Please repeat each line below exactly, with no images in the copy.

══ Raw data ══

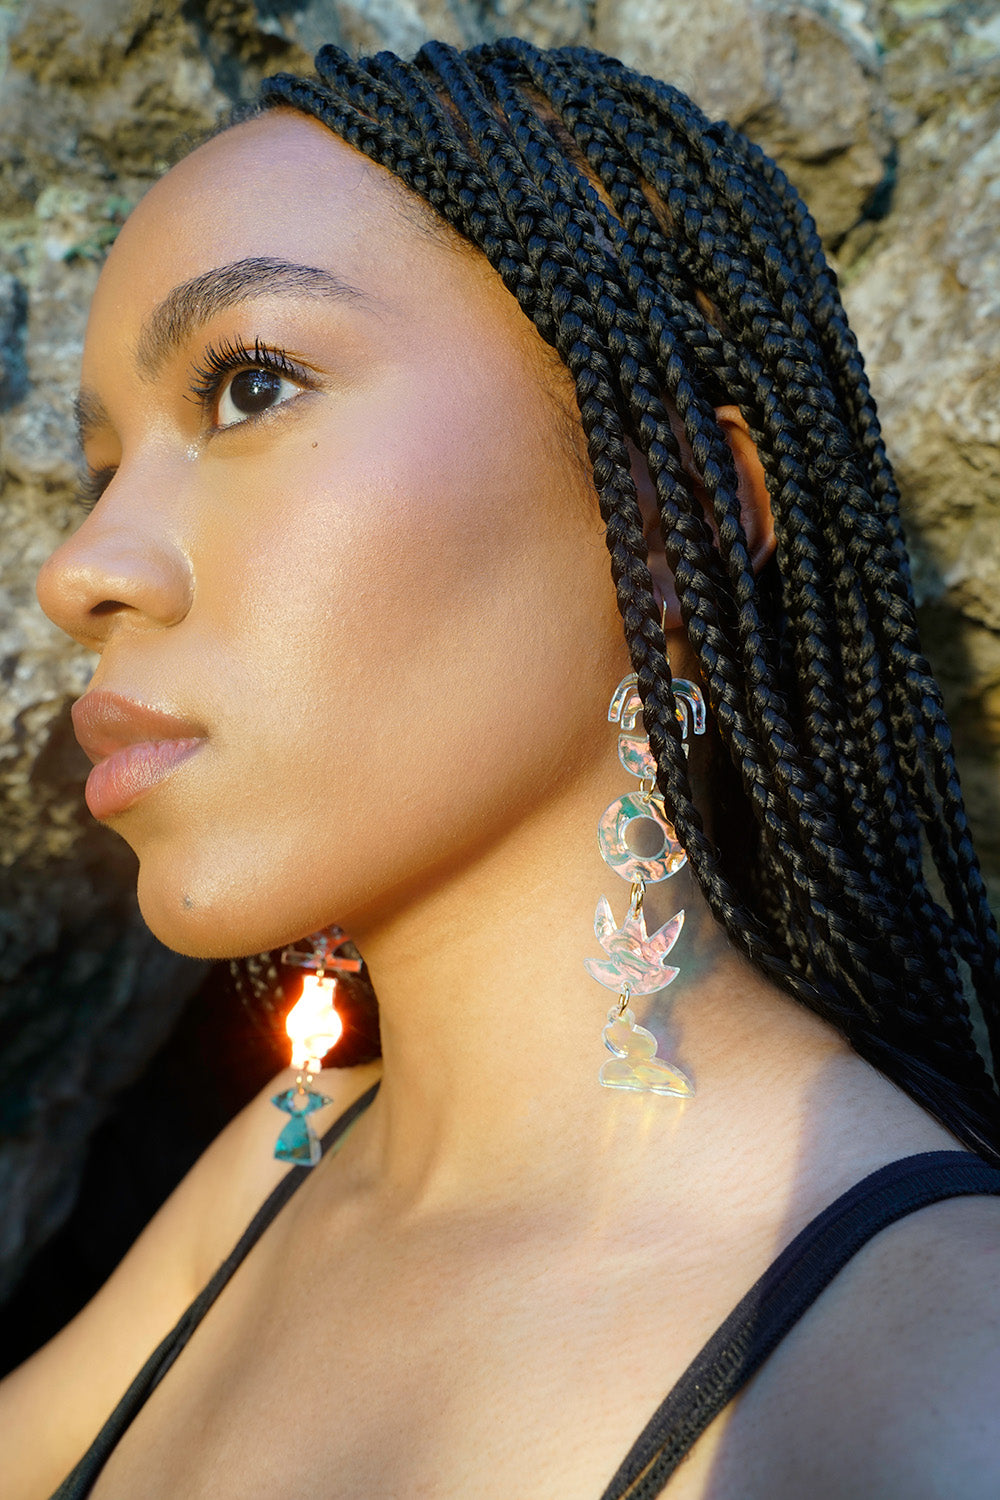 Mobile earrings in iridescent ripple
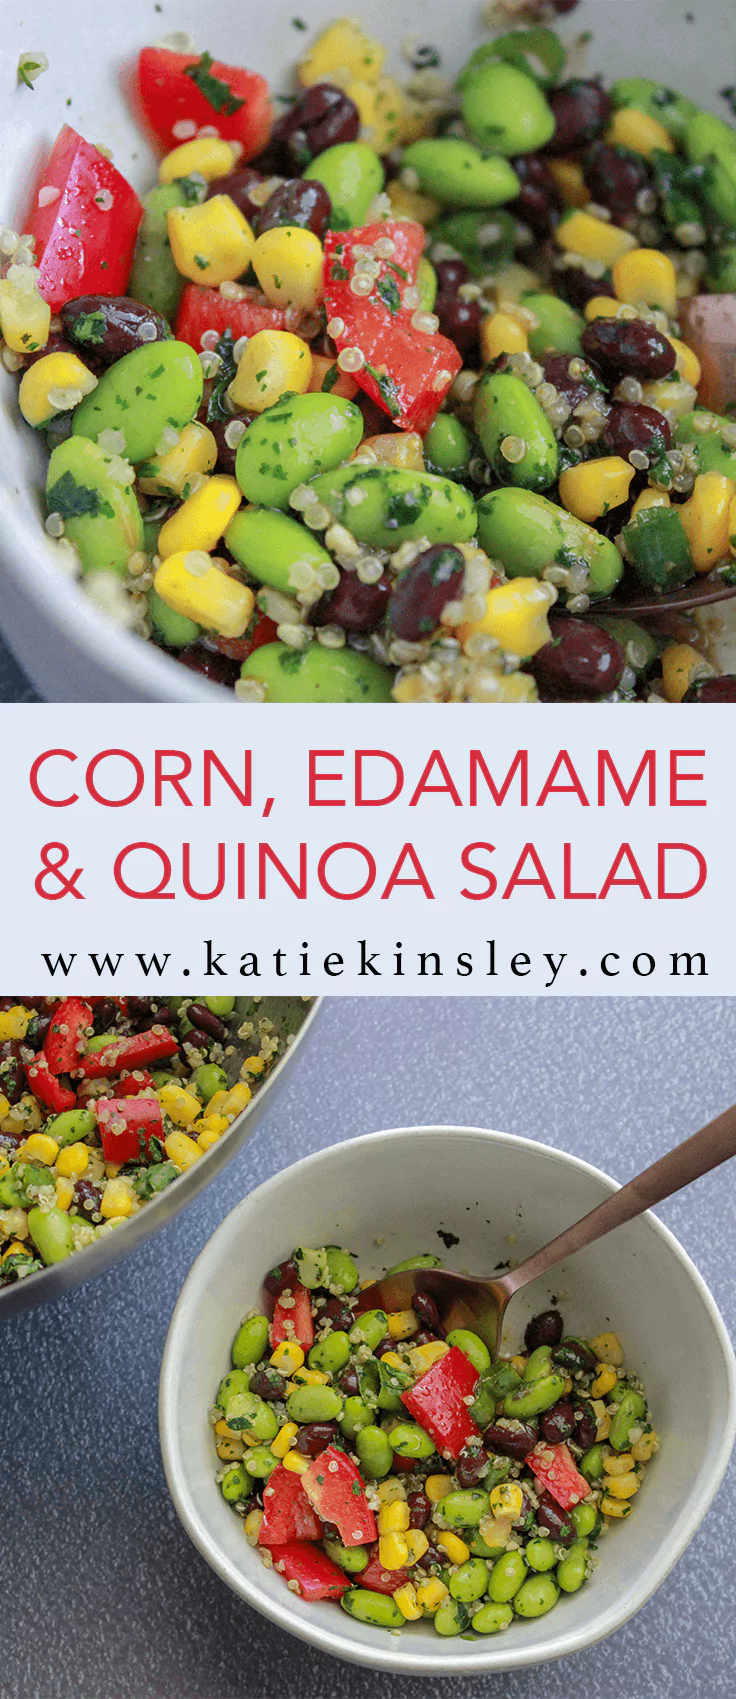 Corn Edamame and Quinoa Salad
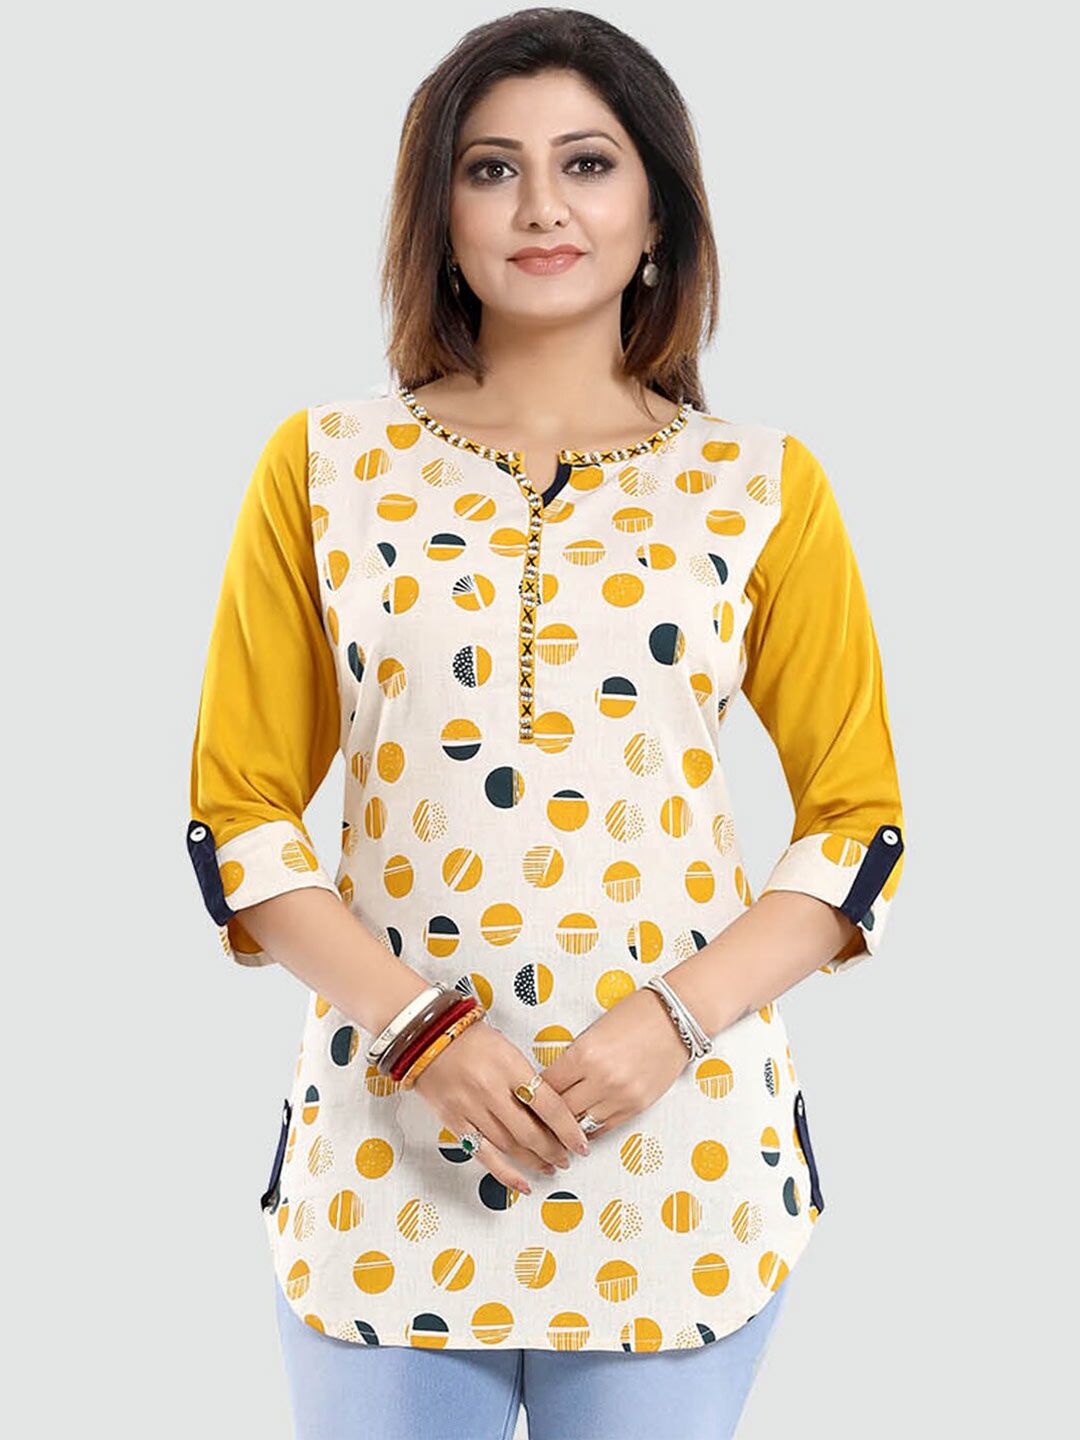 Saree Swarg Women Cream-Coloured & Yellow Geometric Printed Kurti Price in India
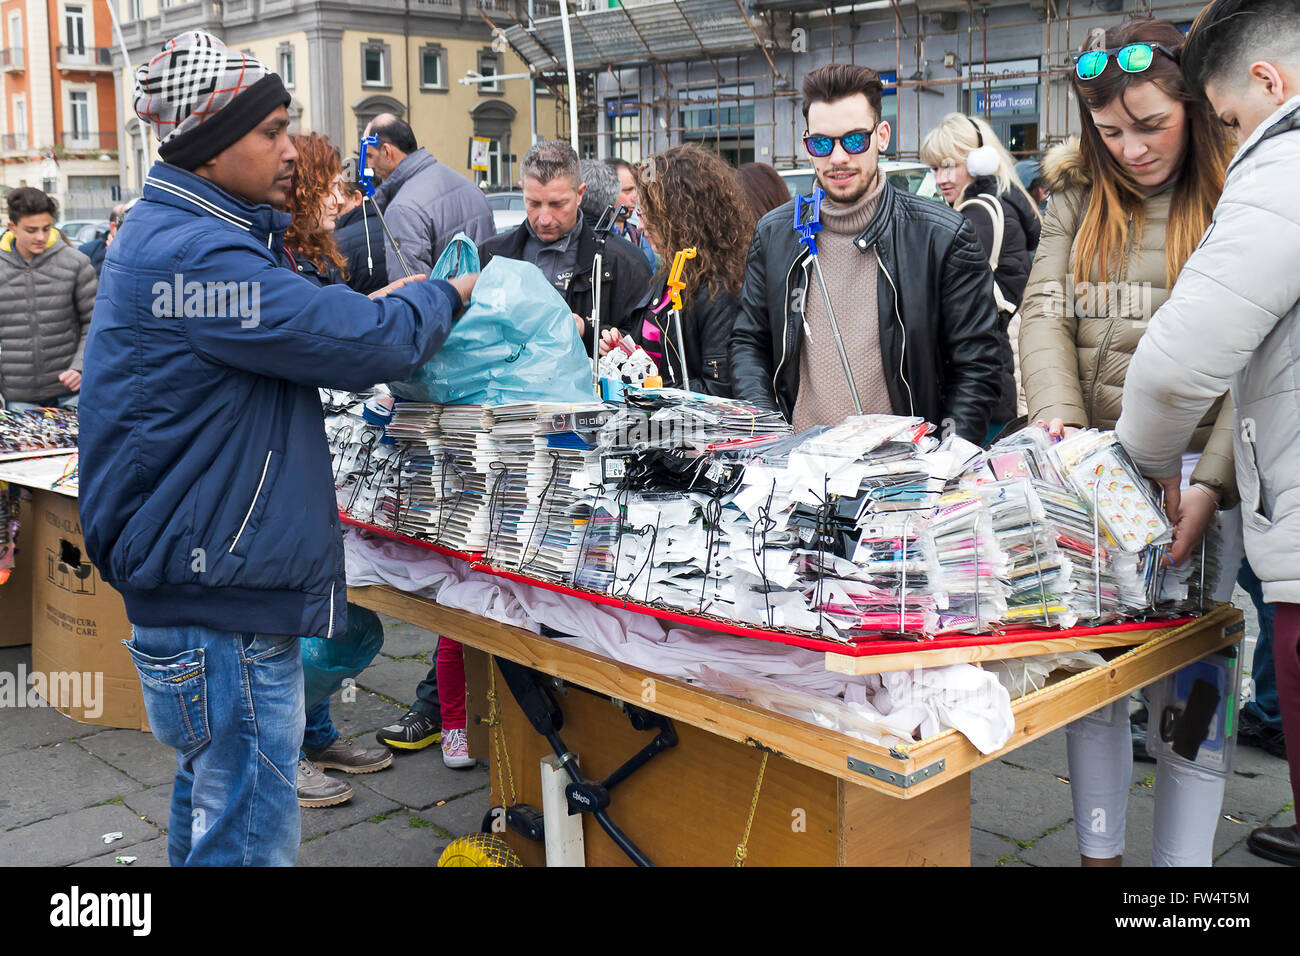 Neapel, Italien - 28. März 2016: Am Wasser, einem Straßenhändler und seine Karre an Zubehör für Smartphones, zeigt die Ware Stockfoto
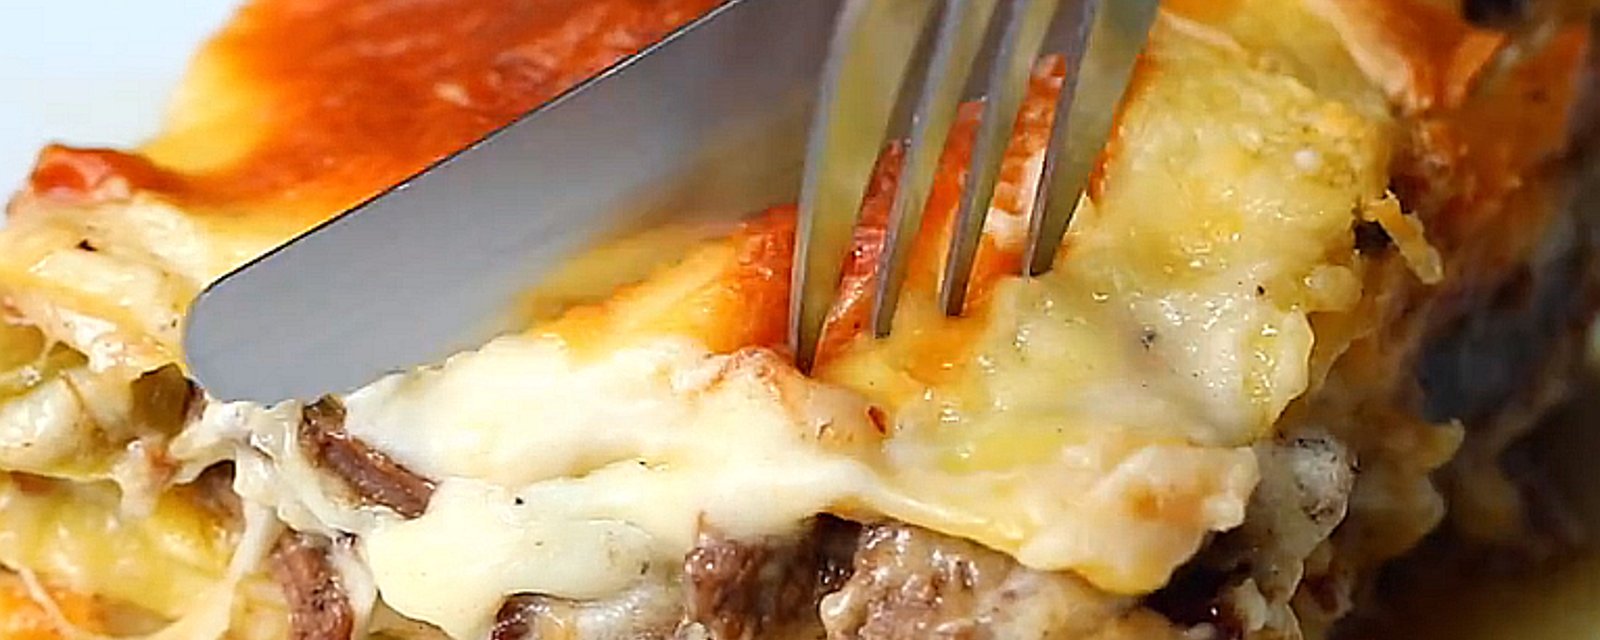 Vous aurez un coup de coeur pour cette lasagne au bifteck et au fromage

═══

| Exercise output |
 Mobile earrings in iridescent ripple
 Corn Edamame and Quinoa Salad
 Saree Swarg Women Cream-Coloured & Yellow Geometric Printed Kurti Price in India
 Neapel, Italien - 28. März 2016: Am Wasser, einem Straßenhändler und seine Karre an Zubehör für Smartphones, zeigt die Ware Stockfoto
 Vous aurez un coup de coeur pour cette lasagne au bifteck et au fromage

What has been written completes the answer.